Please copy the data exactly as it stands, minus the images.

^^^^^^^^

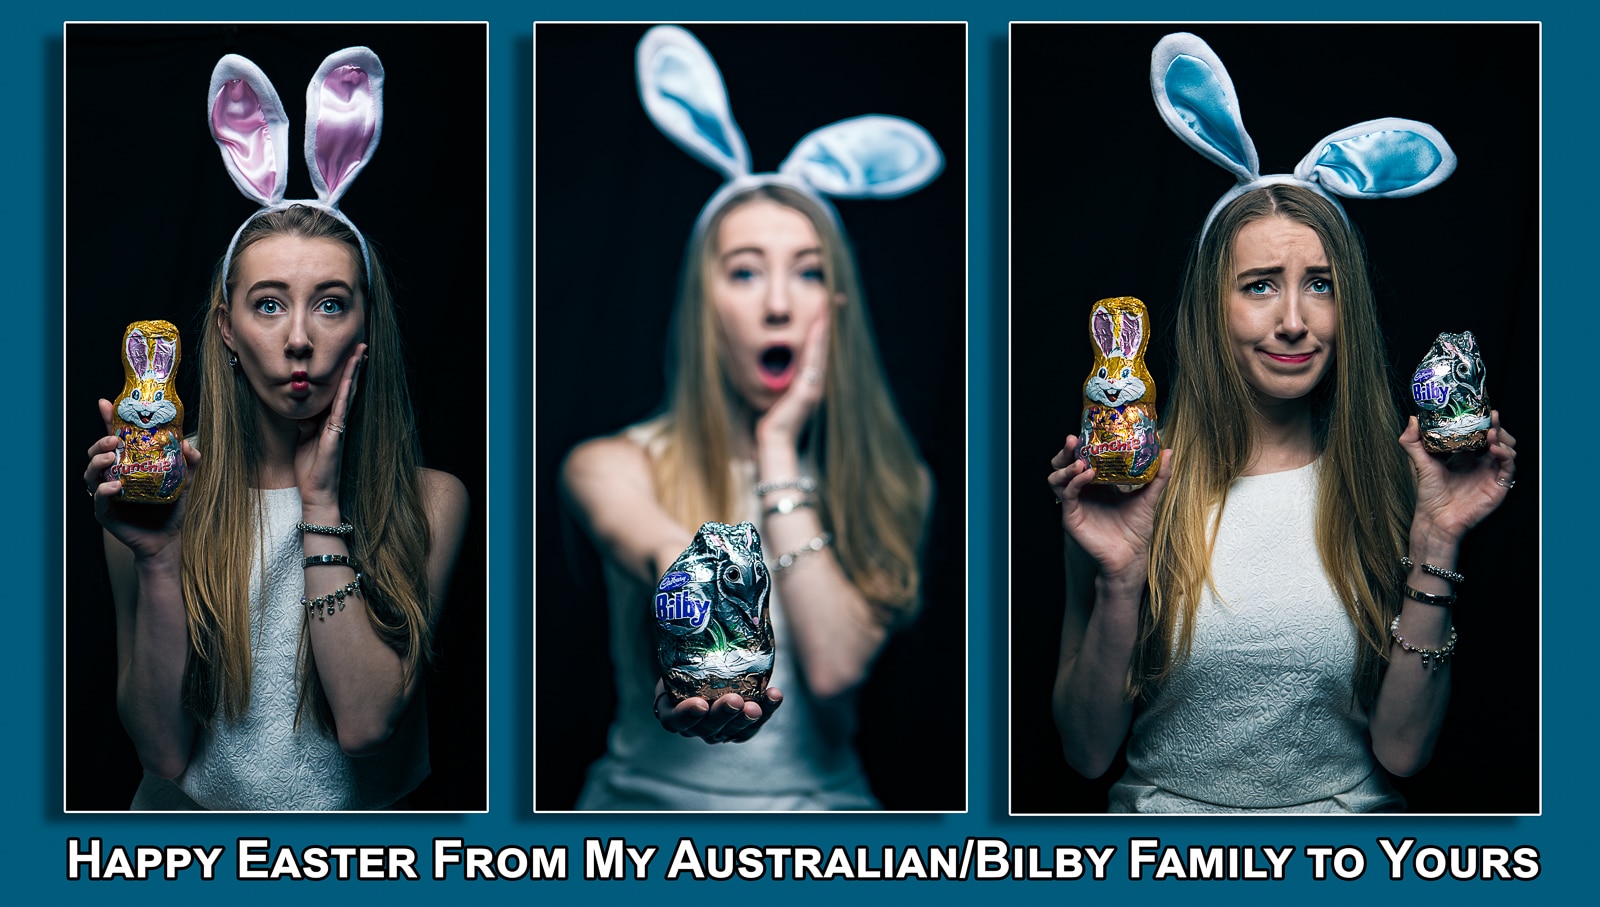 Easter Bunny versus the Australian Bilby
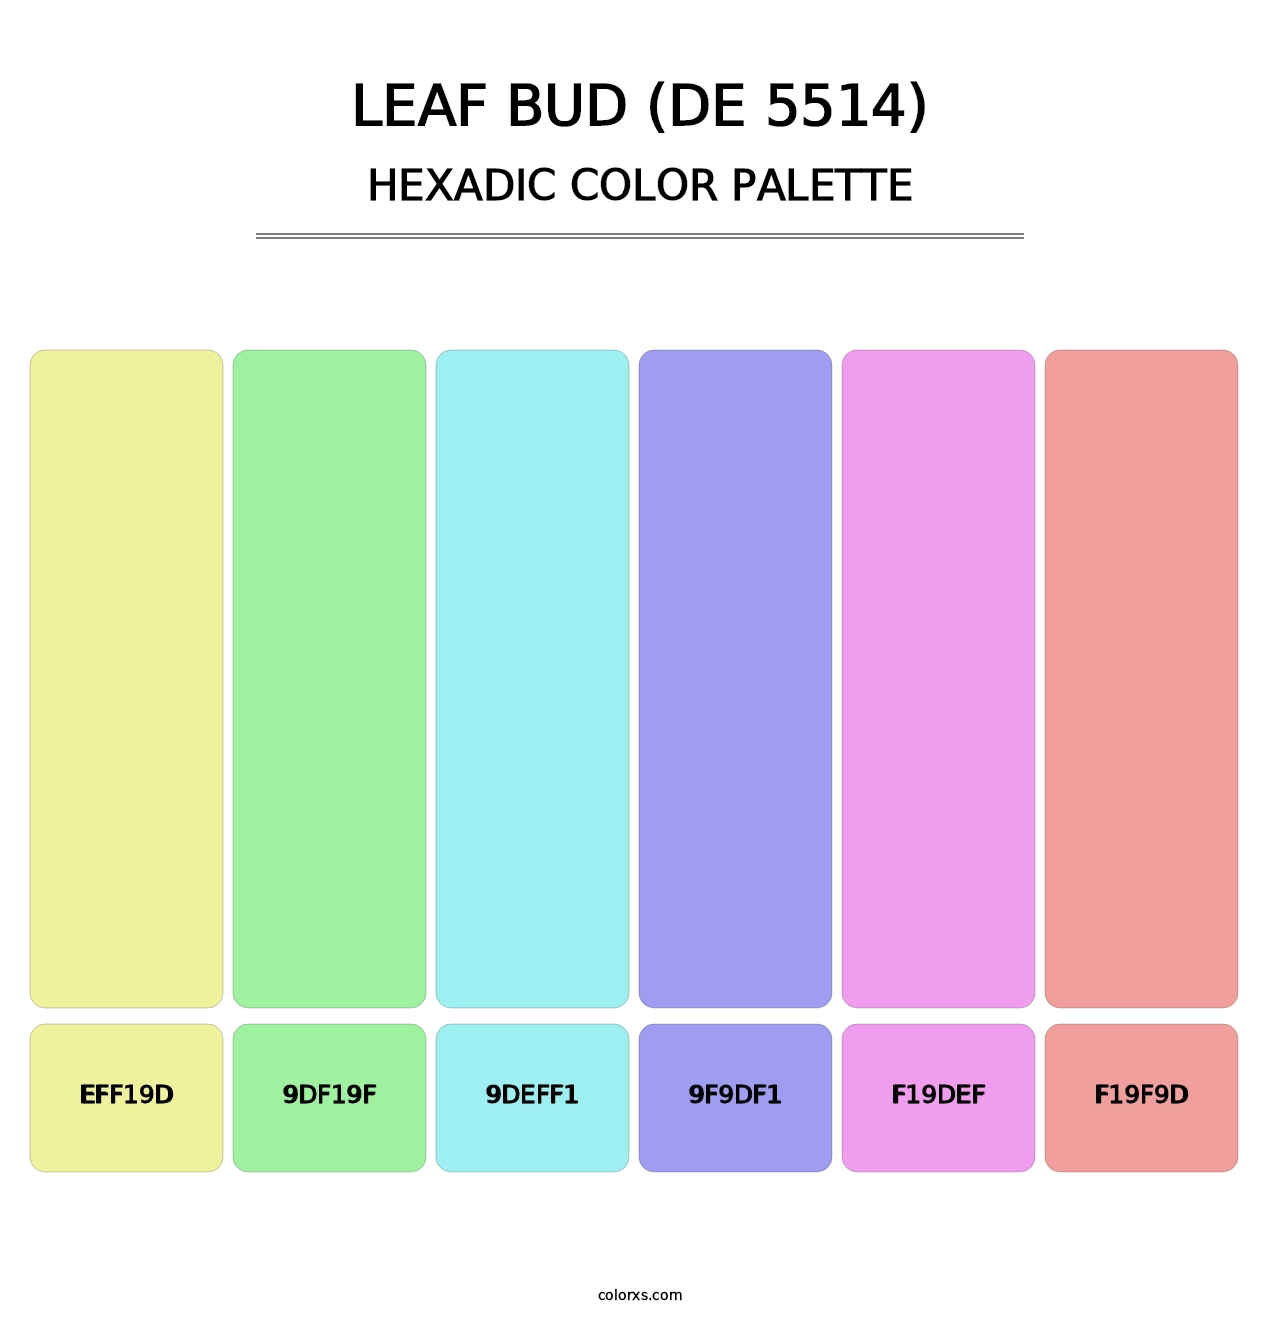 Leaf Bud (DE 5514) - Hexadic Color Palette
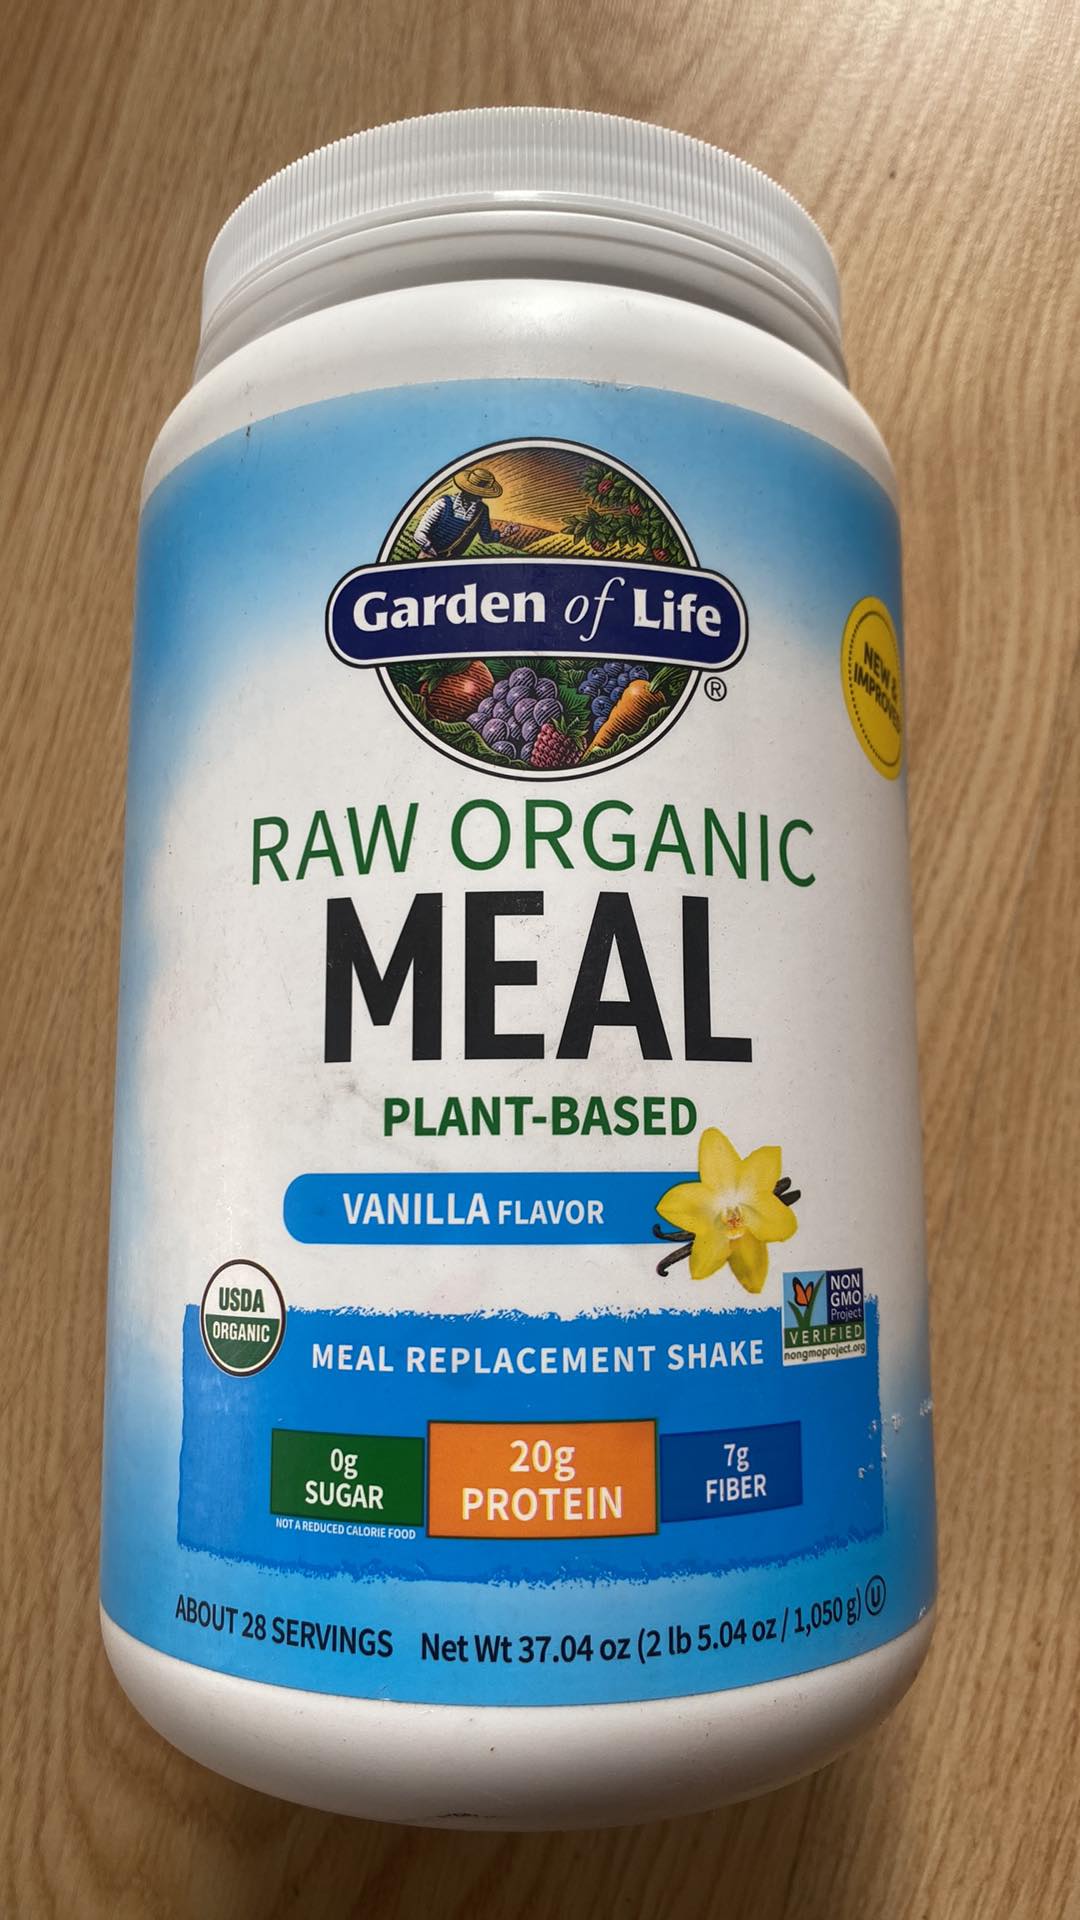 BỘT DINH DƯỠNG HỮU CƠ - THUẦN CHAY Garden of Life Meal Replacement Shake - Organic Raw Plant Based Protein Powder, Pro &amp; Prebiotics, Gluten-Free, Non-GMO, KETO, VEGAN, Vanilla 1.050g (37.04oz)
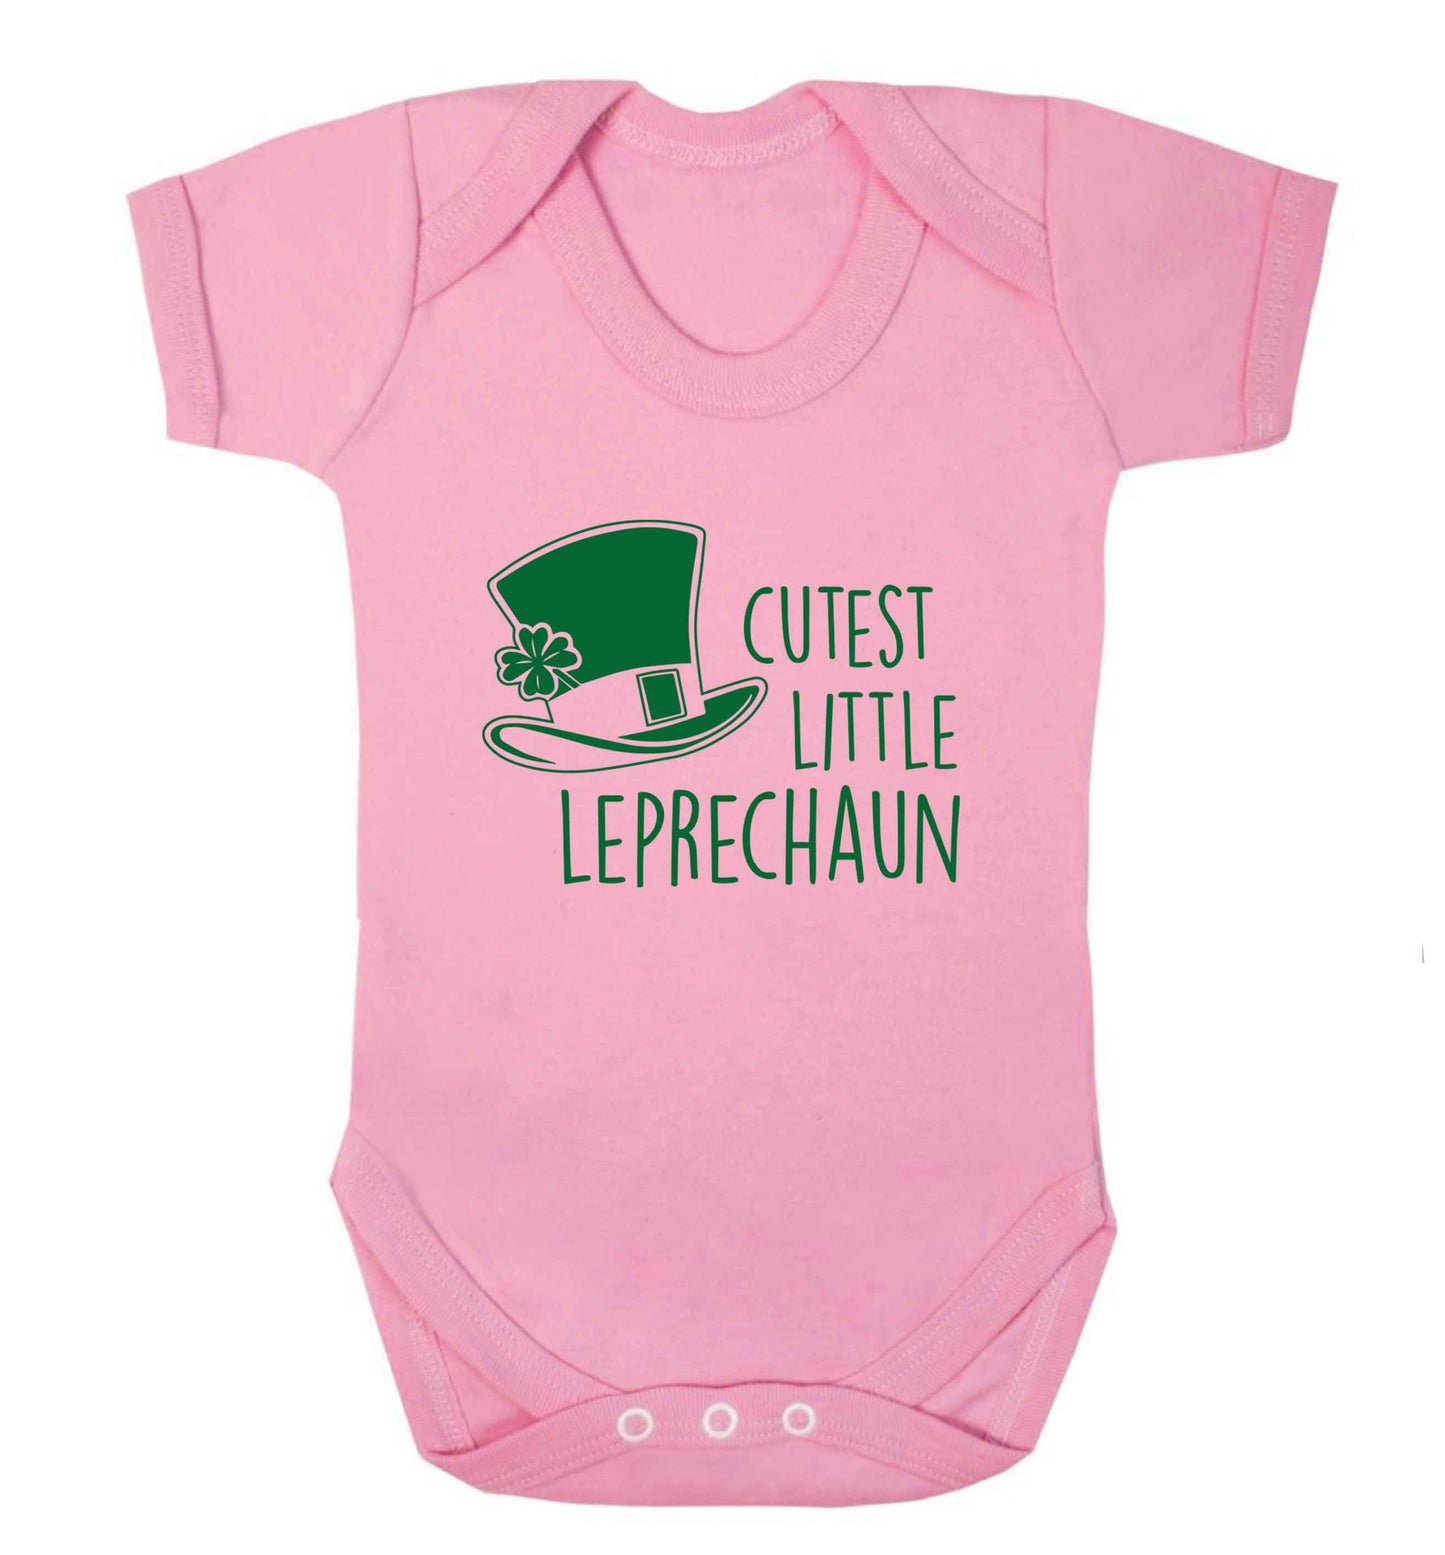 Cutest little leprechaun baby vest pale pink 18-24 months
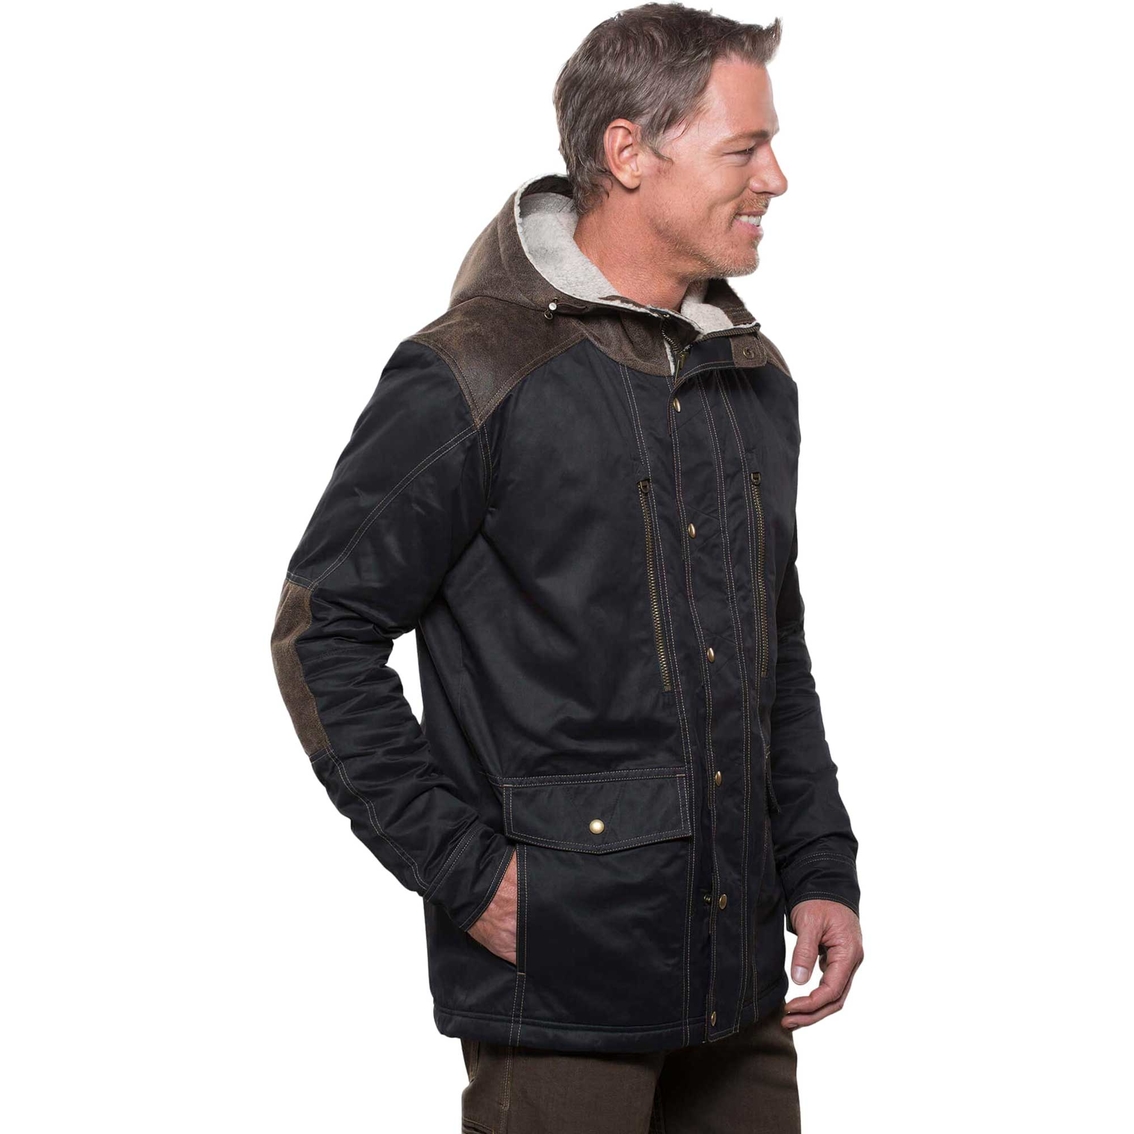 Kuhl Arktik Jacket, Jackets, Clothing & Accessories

^^^^^^^^

- Response to this task:
 Easter Bunny versus the Australian Bilby
 Leaf Bud (DE 5514) - Hexadic Color Palette
 BỘT DINH DƯỠNG HỮU CƠ - THUẦN CHAY Garden of Life Meal Replacement Shake - Organic Raw Plant Based Protein Powder, Pro &amp; Prebiotics, Gluten-Free, Non-GMO, KETO, VEGAN, Vanilla 1.050g (37.04oz)
 Cutest little leprechaun baby vest pale pink 18-24 months
 Kuhl Arktik Jacket, Jackets, Clothing & Accessories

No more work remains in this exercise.